A week later, Republican senators met for their regular caucus lunch. Romney had come to dread these meetings. They had a certain high-school-cafeteria quality that made him feel ill at ease. “I mean, it’s a funny thing,” he told me. “You don’t want to be the only one sitting at the table and no one wants to sit with you.” He had always had plenty of friends growing up, but his religion often made him feel like he didn’t quite fit in. At Cranbrook prep school, in Michigan, he was the only Mormon on campus; at Stanford, he would go to bars with his friends and drink soda. Walking into those caucus lunches each week—deciding whom to sit with, and whether to speak up—Romney felt his differentness just as acutely as he had in his teens.
The meeting was being held shortly before Christmas break, and Romney hoped the caucus would get some guidance on what to expect from the trial. Instead, he was dismayed to learn that the featured guest was Vice President Mike Pence, who was there to talk through the White House’s defense strategy. “Stunning to me that he would be there,” Romney grumbled in his journal. “There is not even an attempt to show impartiality.” (Romney had long been put off by Pence’s pious brand of Trump sycophancy. No one, he told me, has been “more loyal, more willing to smile when he saw absurdities, more willing to ascribe God’s will to things that were ungodly than Mike Pence.”)
At the next meeting, McConnell told his colleagues they should understand that the upcoming trial was not really a trial at all. “This is a political process,” he said—and it was thus appropriate for them to behave like politicians. “If impeachment is a partisan political process, then it might as well be removed from the Constitution,” Romney recalled muttering to Ted Cruz and Mike Lee, who were seated near him. The senators politely ignored him.
Two articles of impeachment arrived at the Senate on January 15, 2020, and the trial began. Romney did his best to be a model juror—he took notes, parsed the arguments, and agonized each night in his journal over how he should vote. “Interestingly, sometimes I think I will be voting to convict, and sometimes I think I will vote to exonerate,” he wrote on January 23. “I jot down my reasons for each, but when I finish, I begin to consider the other side of the argument … I do the same thing—with less analysis of course—in bed. That’s probably why I’m not sleeping more than 4 or 5 hours.”
The other members of his caucus didn’t seem quite so burdened. They mumbled dismissive comments while the impeachment managers presented their case. He heard some of them literally cheer for Trump’s defense team. Maybe Romney was naive, but he couldn’t get over how irresponsible it all seemed. “How unlike a real jury is our caucus!” he wrote in his journal.

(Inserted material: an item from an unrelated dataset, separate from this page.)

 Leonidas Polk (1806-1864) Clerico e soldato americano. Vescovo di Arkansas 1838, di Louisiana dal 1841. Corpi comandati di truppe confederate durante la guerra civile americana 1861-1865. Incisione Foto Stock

And yet, to at least some of his fellow Republicans, the case against Trump was compelling—even if they’d never say so in public. During a break in the proceedings, after the impeachment managers finished their presentation, Romney walked by McConnell. “They nailed him,” the Senate majority leader said.
Romney, taken aback by McConnell’s candor, responded carefully: “Well, the defense will say that Trump was just investigating corruption by the Bidens.”
“If you believe that,” McConnell replied, “I’ve got a bridge I can sell you.” (McConnell said he does not recall this conversation and it does not match his thinking at the time.)
By the time the defense wrapped up its arguments, on January 28, Romney was privately leaning toward acquittal. In his journal, he rationalized the vote—Trump hadn’t explicitly told Zelensky he would withhold military aid until an investigation was open—but he also admitted a self-interested motive. “I do not at all want to vote to convict,” he wrote. “The consequences of doing so are too painful to contemplate.”
When he informed his senior staff of his thinking the next morning, he detected a palpable sense of relief. Maybe their boss still had a future in Republican politics after all. Romney’s wife, though, seemed less elated by the news. Ann didn’t argue with him. She didn’t render any judgment at all. She just said she was “surprised.” Romney, who’d organized much of his life around winning and keeping Ann’s respect, couldn’t help but wonder if she meant something more.
On January 30, the senators were allowed to question lawyers on both sides of the impeachment case. Late in the day, a question submitted by Graham caught Romney’s attention: Even if Trump really had done exactly what the House accused him of, he asked, “isn’t it true that the allegations still would not rise to the level of an impeachable offense?” Trump’s lawyers concurred.
The answer stunned Romney. Until then, Trump’s defense had been that he wasn’t really trying to shake down a world leader for political favors by threatening to withhold military aid. Now, it seemed to Romney, Trump’s lawyers were effectively arguing that such a shakedown would have been fine. Allowing that argument to go unchallenged would set a dangerous precedent. When the Senate recessed, Romney returned to his office to go over the facts of the case again. The gravity of the moment was catching up to him. Finally, Romney knelt on the floor and prayed.
A few days earlier, Romney had paid a visit to Senator Joe Manchin’s houseboat, Almost Heaven—the West Virginian’s home in Washington. The impeachment trial had presented a serious political quandary for Manchin, a moderate Democrat whose state Trump had carried with 68 percent of the vote in 2016. While the voters there liked Manchin’s independence, they wouldn’t be happy if he voted to convict. After listening to Manchin describe his predicament, Romney offered his take: “We’re both 72. We should probably be thinking about oaths and legacy, not just reelection.”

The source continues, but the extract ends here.